Task directions » The required result is an exact copy of the lines from the one containing "Tanzania and Kenya Halal Safari" to the last line of the records, both ends included, without pictures.

Exercise materials »

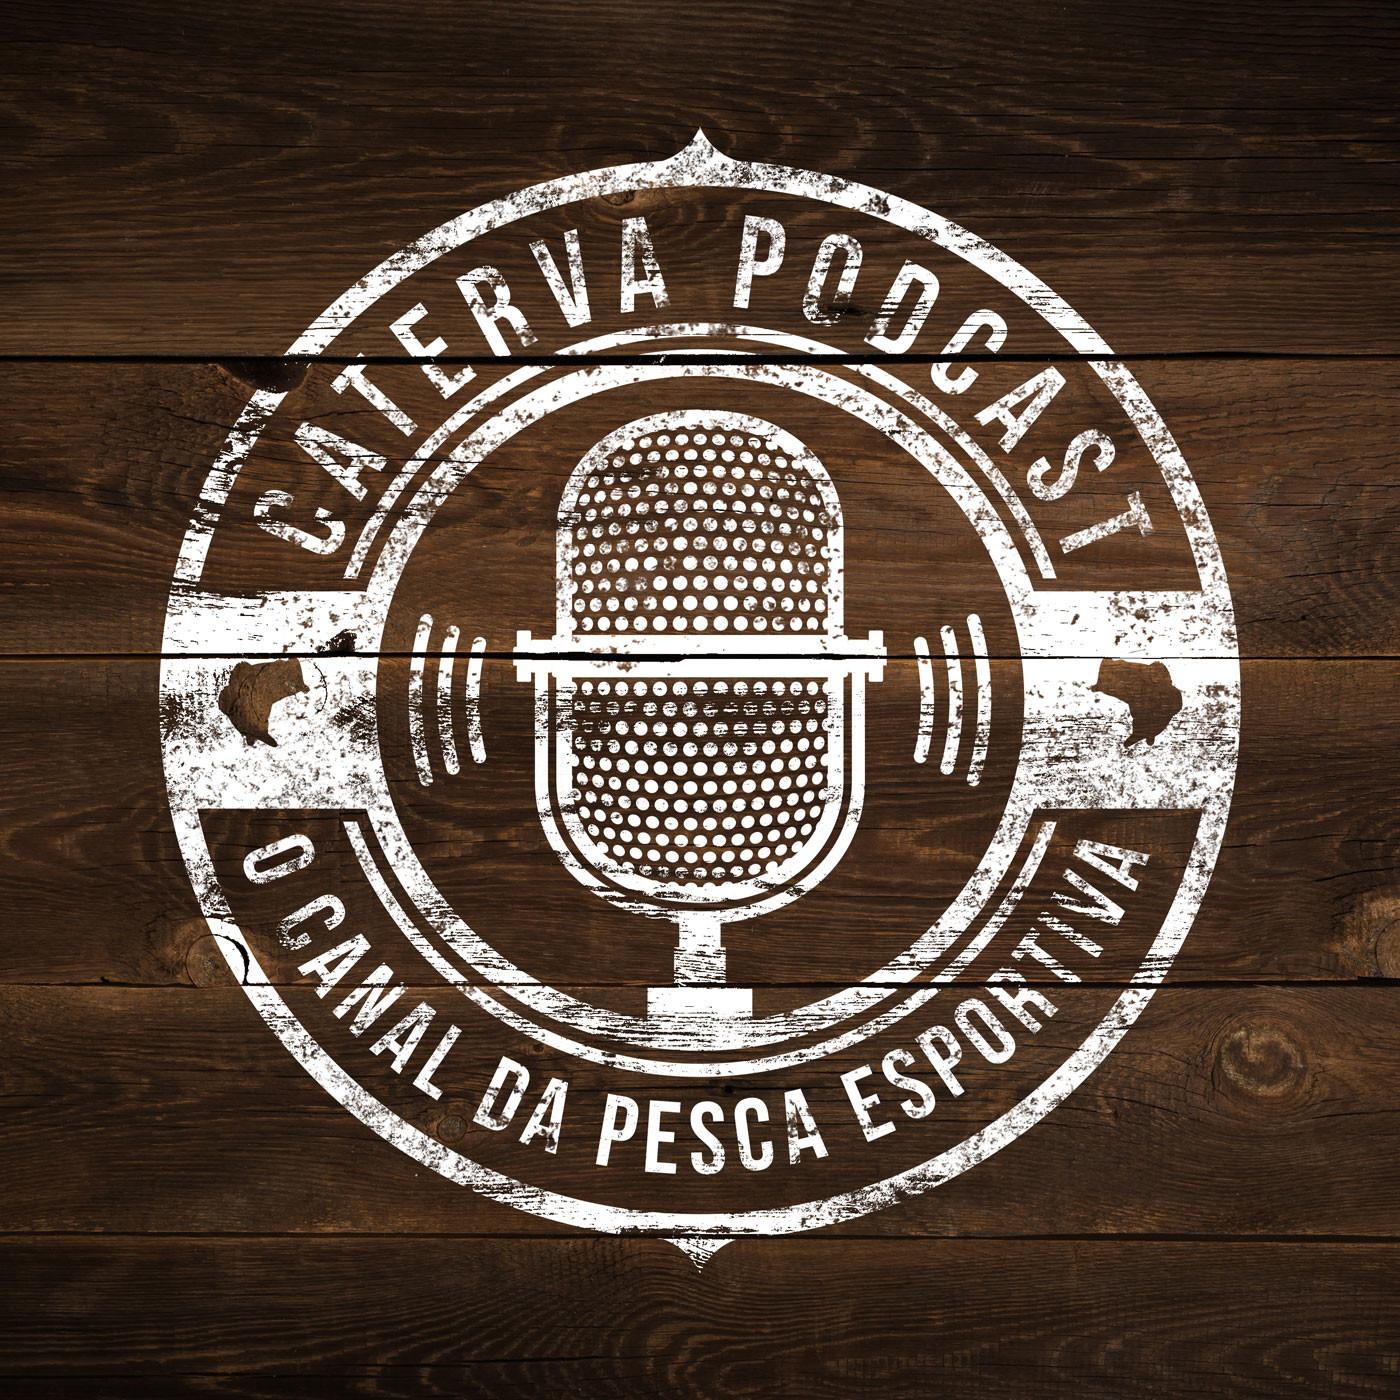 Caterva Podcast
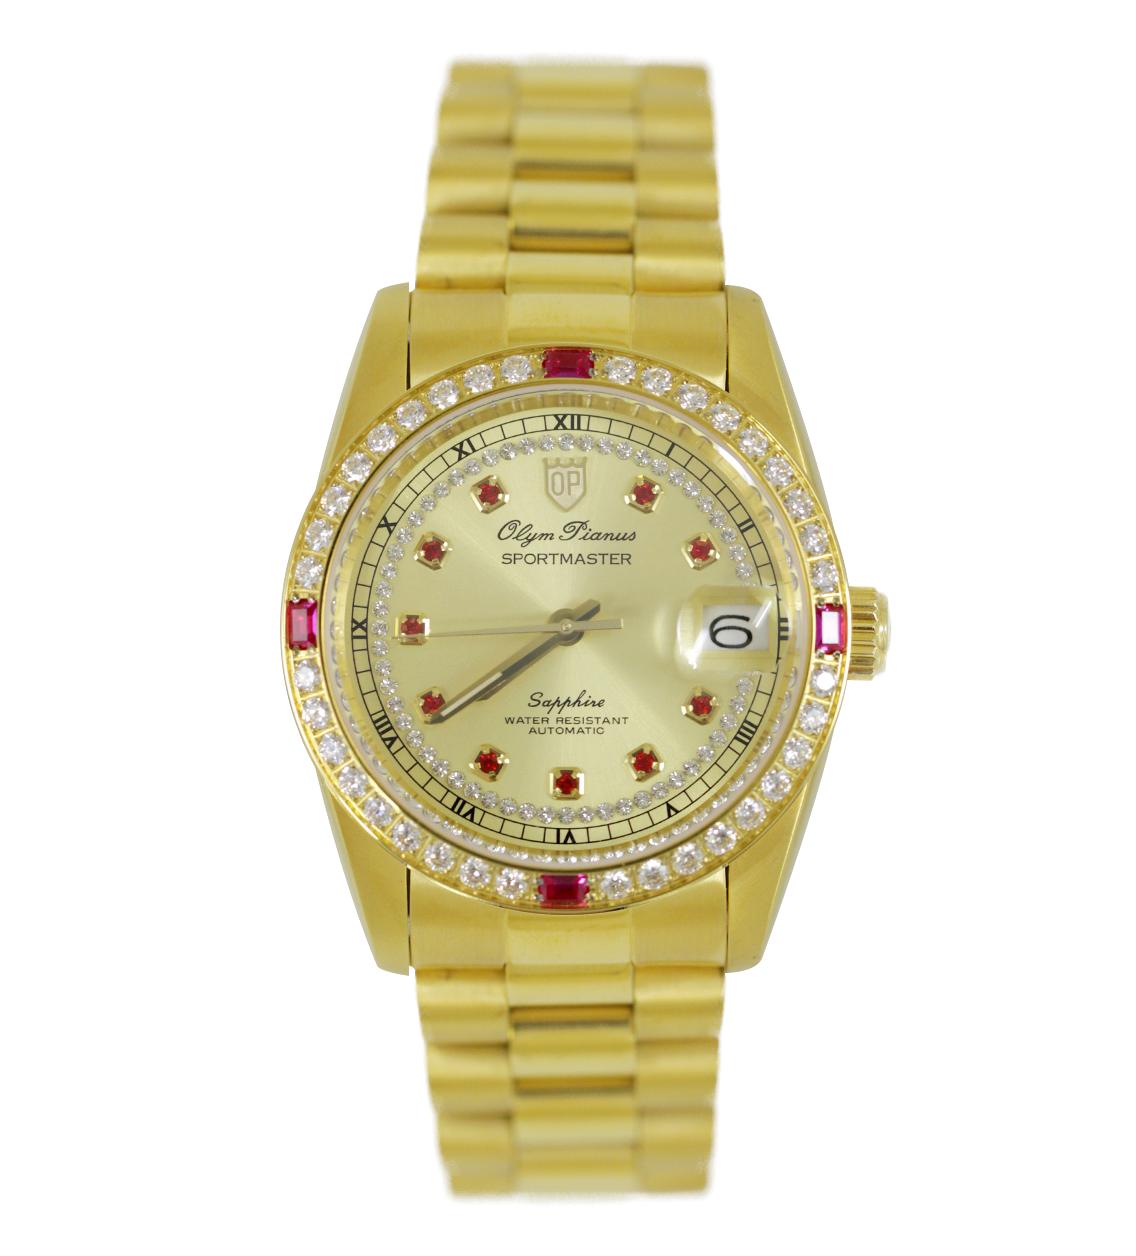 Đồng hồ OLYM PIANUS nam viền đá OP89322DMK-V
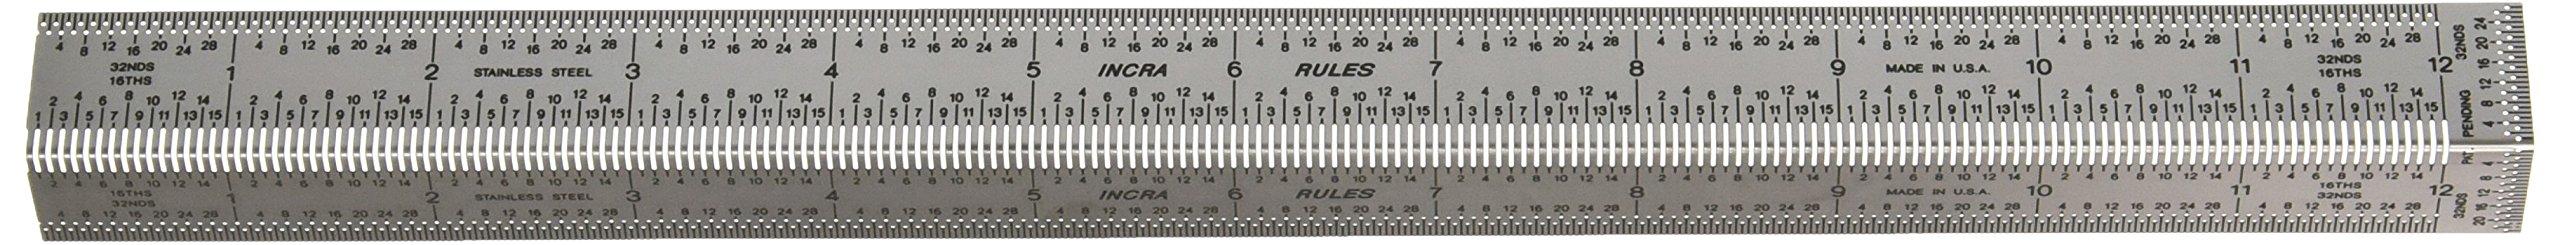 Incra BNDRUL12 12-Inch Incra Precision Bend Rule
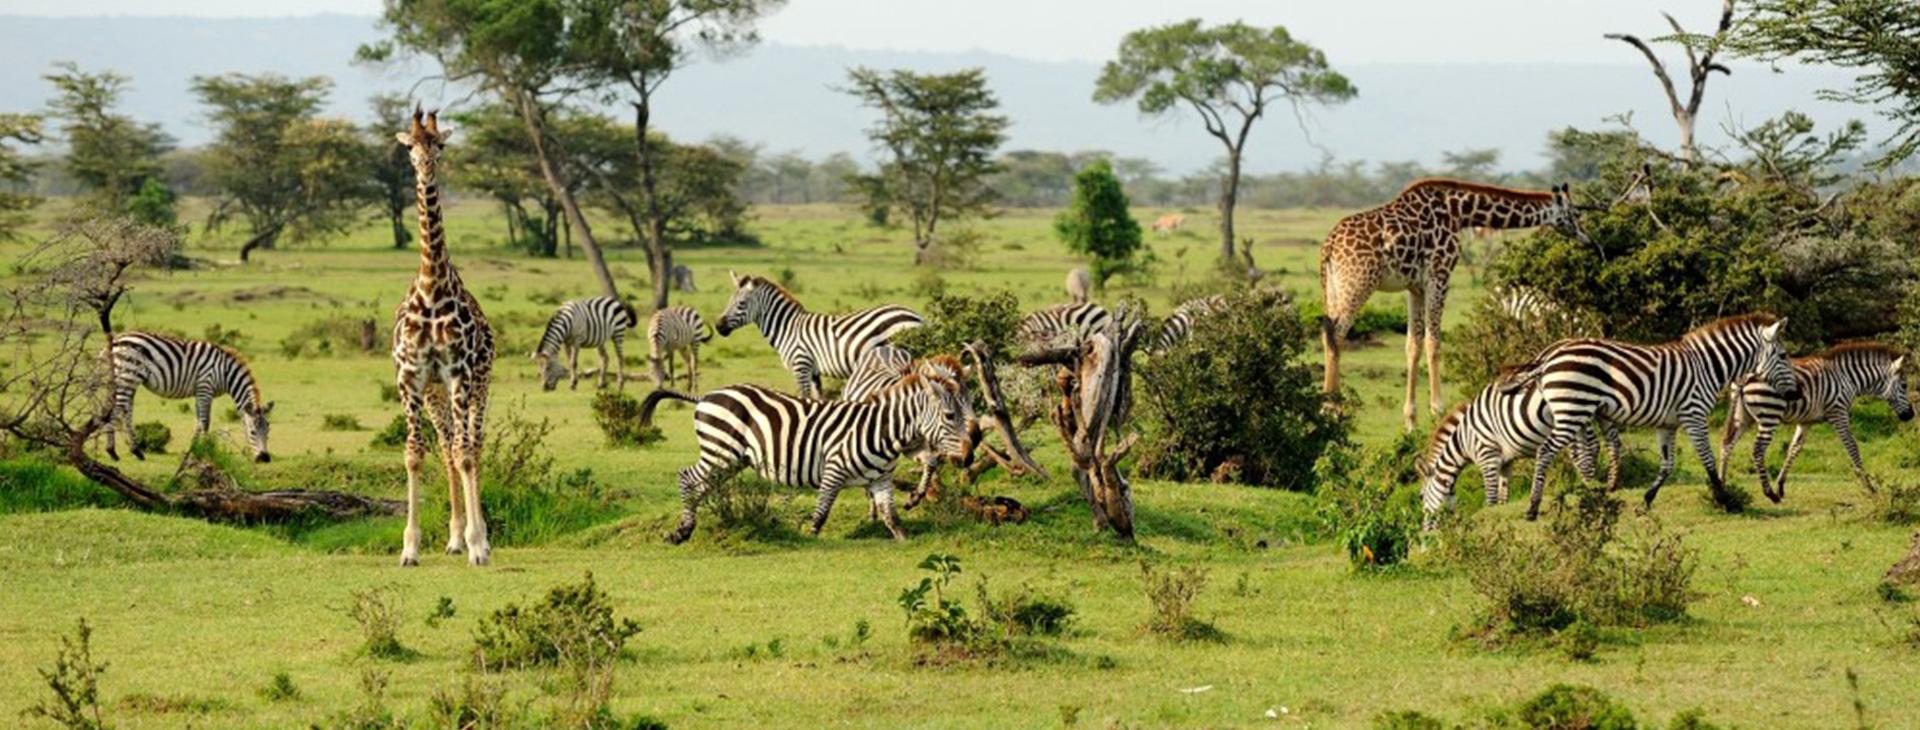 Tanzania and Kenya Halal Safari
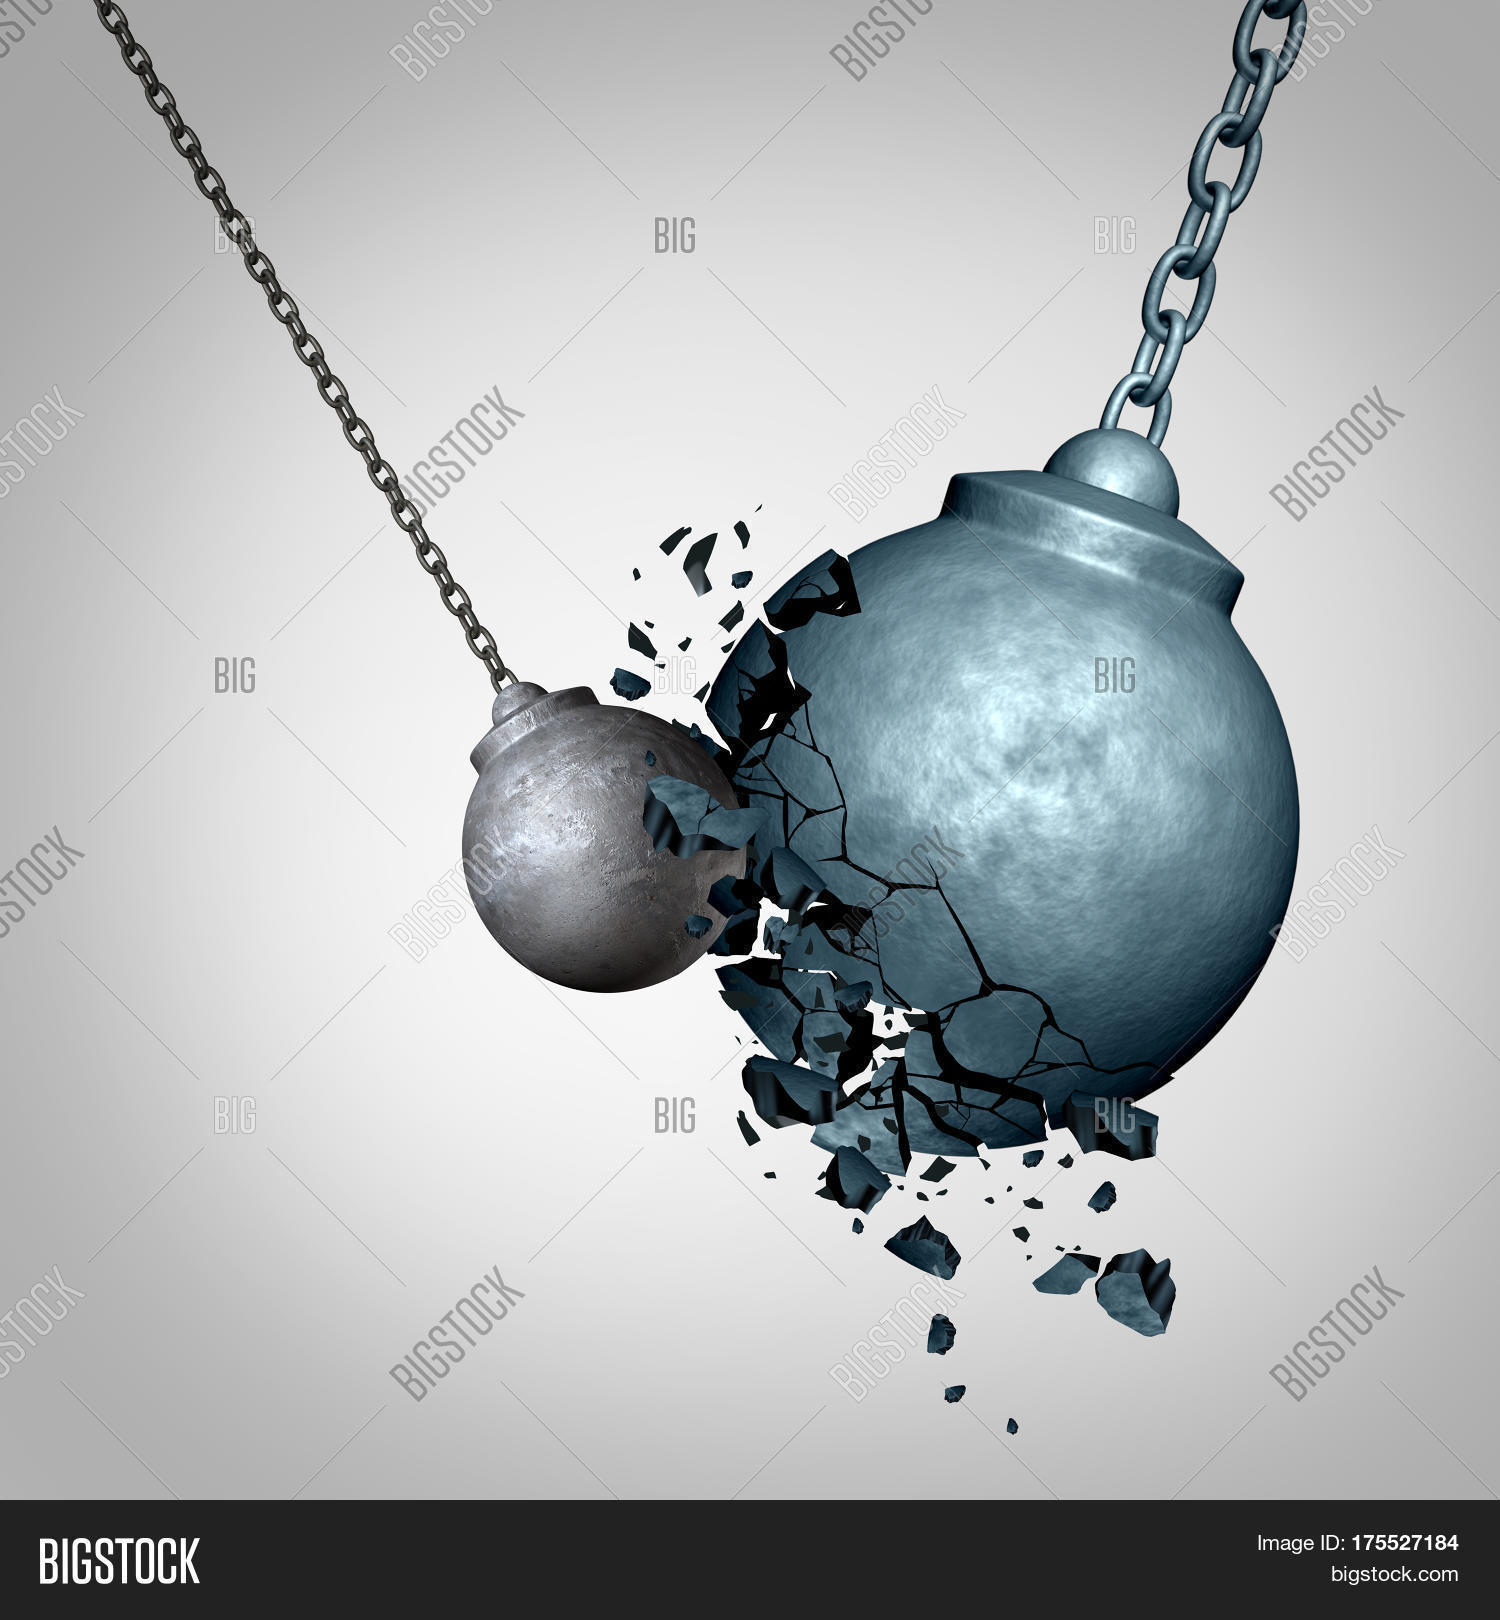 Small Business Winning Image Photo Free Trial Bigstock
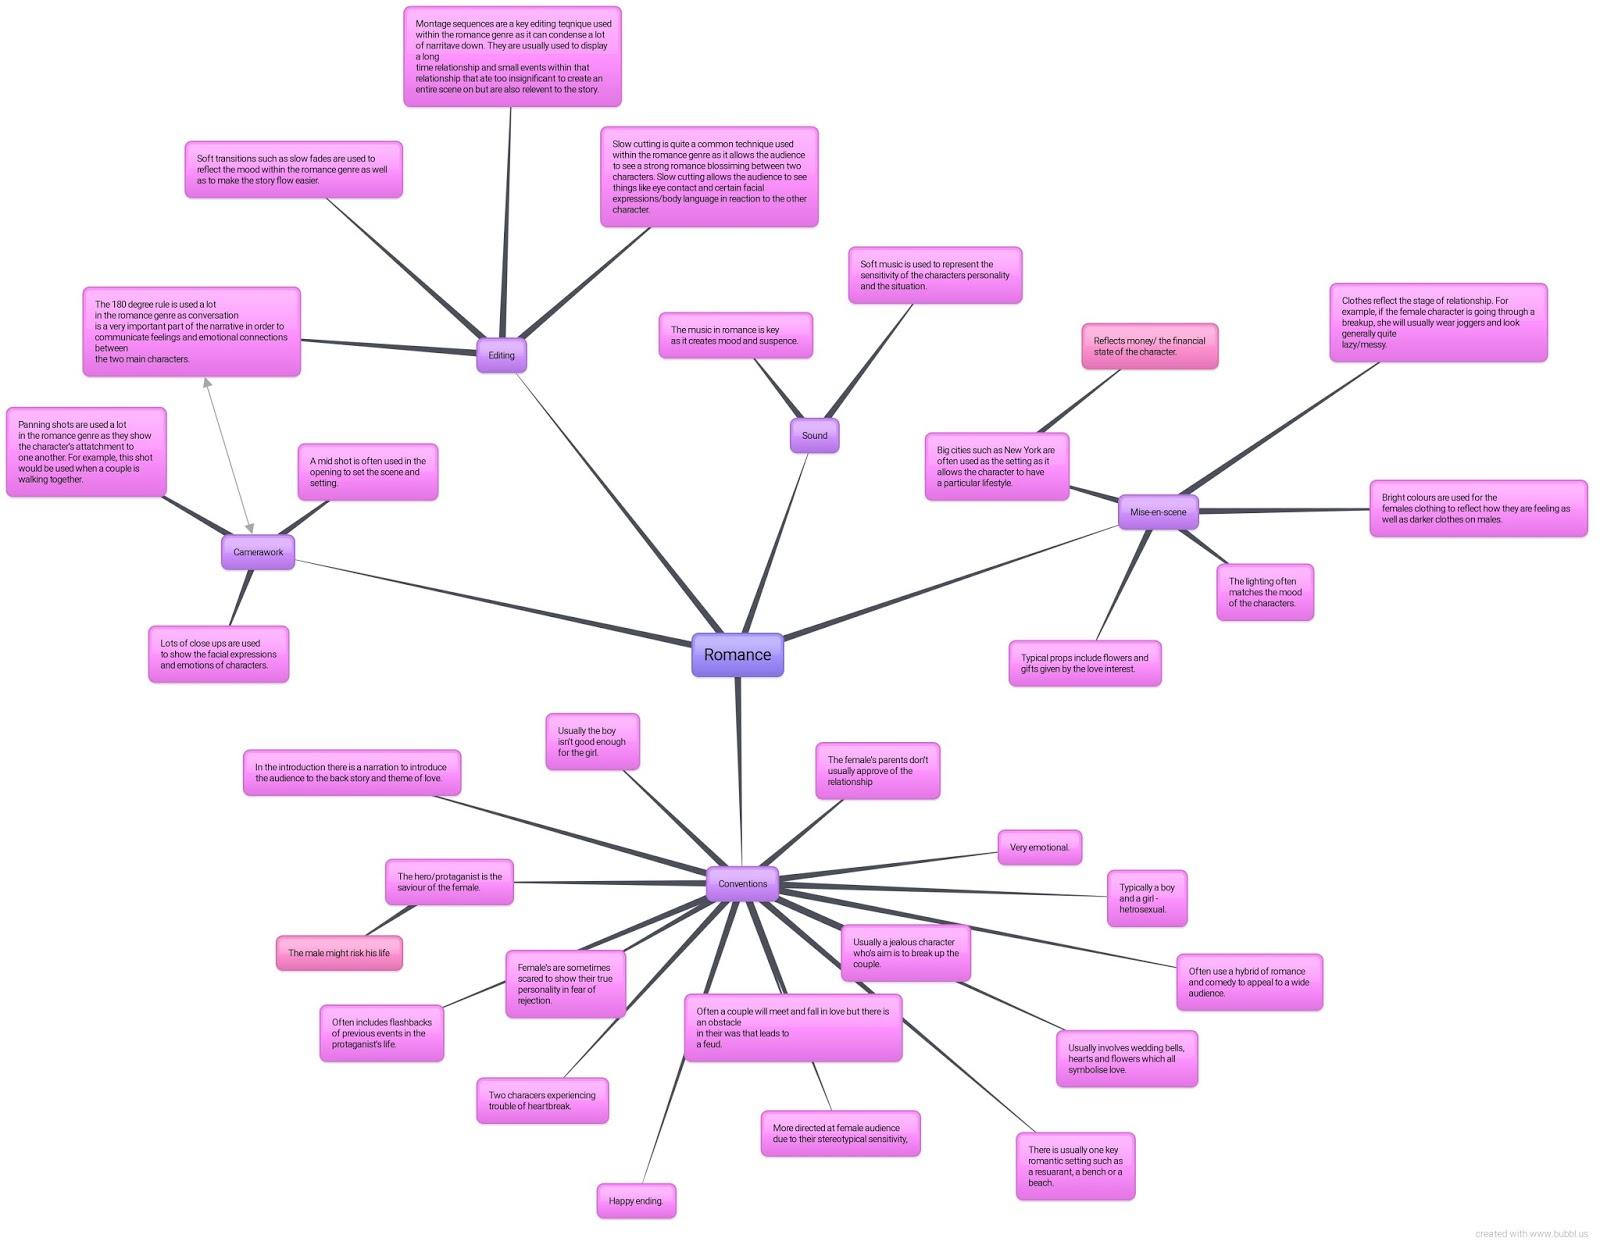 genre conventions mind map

Expected answer »
 Tanzania and Kenya Halal Safari
 Small Business Winning Image Photo Free Trial Bigstock
 genre conventions mind map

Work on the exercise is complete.